Он начал притопывать сапогами, все время подмигивая, улыбаясь и придерживая крестик на груди, чтоб он не болтался в открытом вороте чистой рубахи. Дезертир сначала закряхтел, потом замычал от боли.
— Звиняюсь, хто здеся? Ах, это ты, Лазарев? Импозантная встреча! Мое почтенье! — Мишка сдернул с головы фуражку и отвесил бедняге глубокий поклон. Потом швырнул прочь закрутку, нагнулся, ухватил работягу за оба уха и рванул вверх.
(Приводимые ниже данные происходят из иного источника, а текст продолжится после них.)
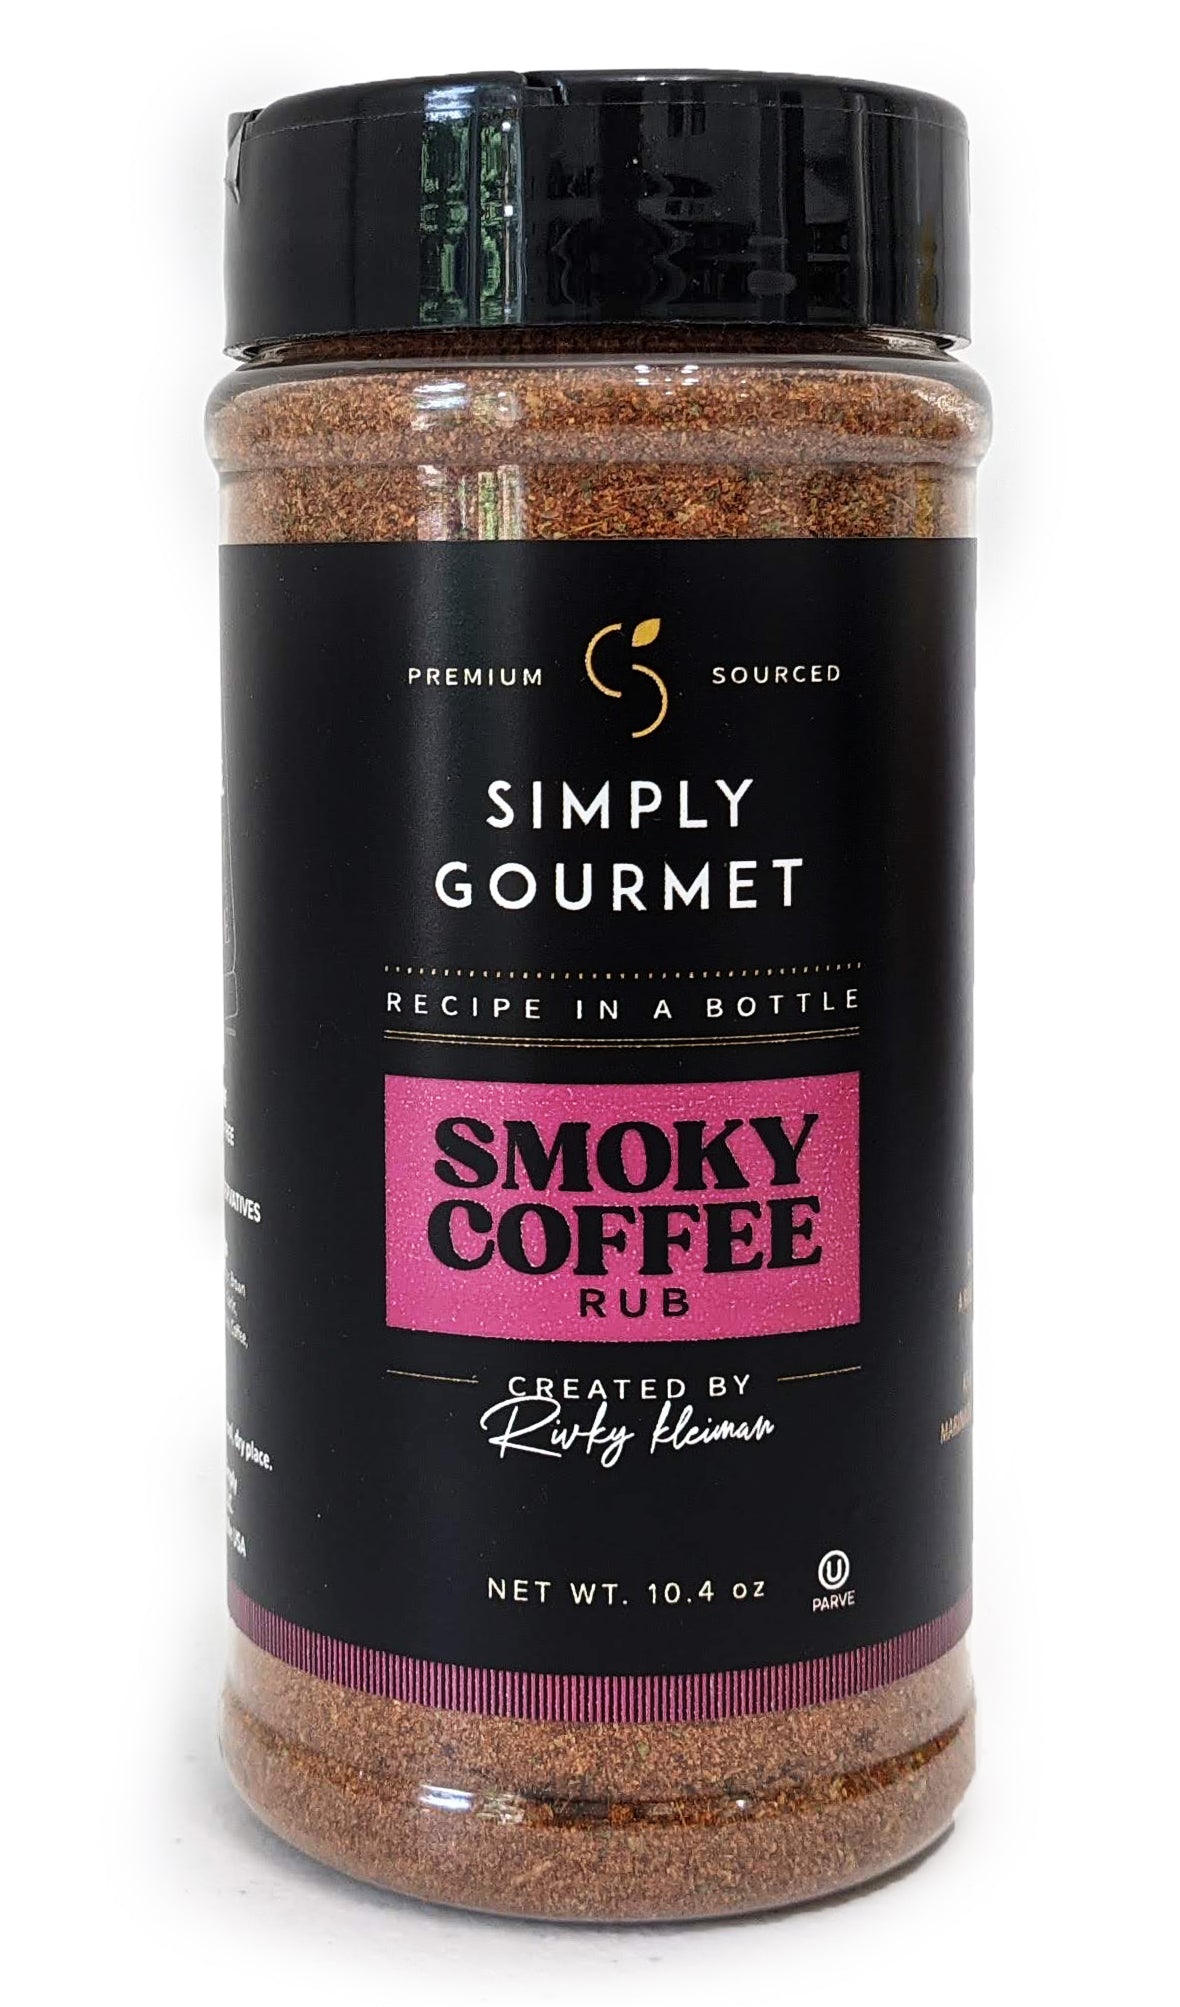 Simply Gourmet, Smoky Coffee Rub, created by Rivky Kleiman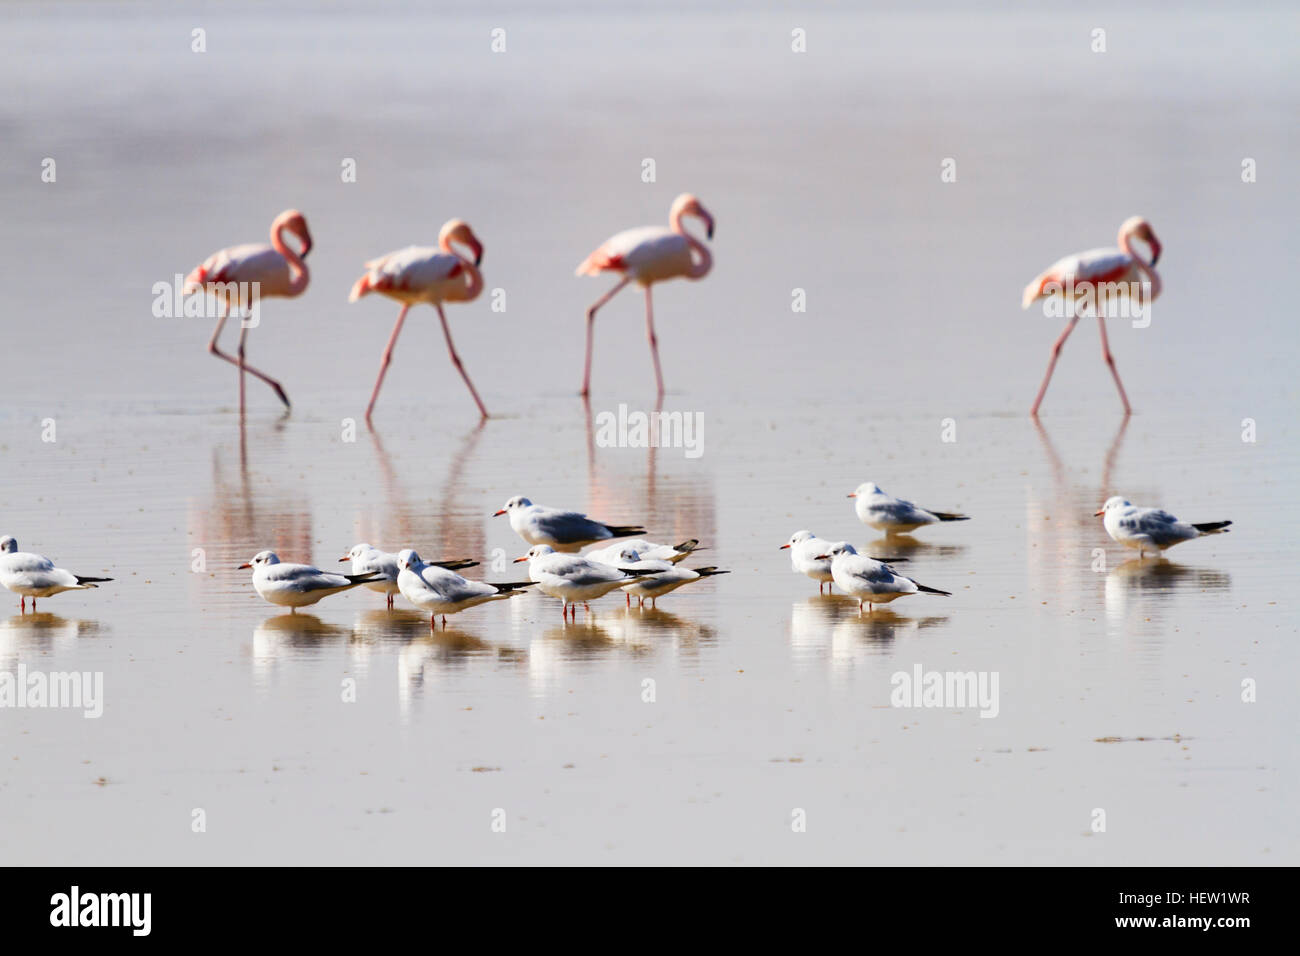 Annual flamingo migration to Larnaca Salt Lake, Cyprus.With Black headed gulls Stock Photo

Зашипел сквозь зубы: Приехал, зараза… Подымайся, туша, слышь, говорю, становись на ноги! Вылазь! Топай к воротам, а вечером я тебе сделаю клоповник на твой последний литр крови, понял? Я тебя загоню в морг, собака! Катись в бригаду и не оборачивайся!
— Дядя Миша, я… — заныл дезертир.
— Исчезай, пока цел, а то…
Удалой ловко схватил дезертира за один палец и стал выворачивать его вбок. Работяга вскрикнул.
— Ладно, не ори, это я для смеха — люблю, мужик, побаловаться! — Он повернулся ко мне и другим голосом закончил: Сейчас зайду в БУР (барак усиленного режима), потом в больницу — Тэра Исмайловна сегодня дает людей на картоху. В лечебных целях, понял?
Легко прыгая через кусты и ямы, он добежал до угла барака и скрылся. Я вздохнул и, глядя в сторону, проговорил:
— Надо через силу, но выходить на работу, Лазарев. Не ради начальства, а для собственной пользы. В работе заключается единственная возможность сохранить силы и раздобыть лишний кусок пищи. В живых останутся только те, кто эти годы выстоит на ногах. Кто поддастся соблазну и ляжет, тот уже не встанет. Отдых — ловушка и опасность, больница — преддверие к моргу! Держитесь за работу!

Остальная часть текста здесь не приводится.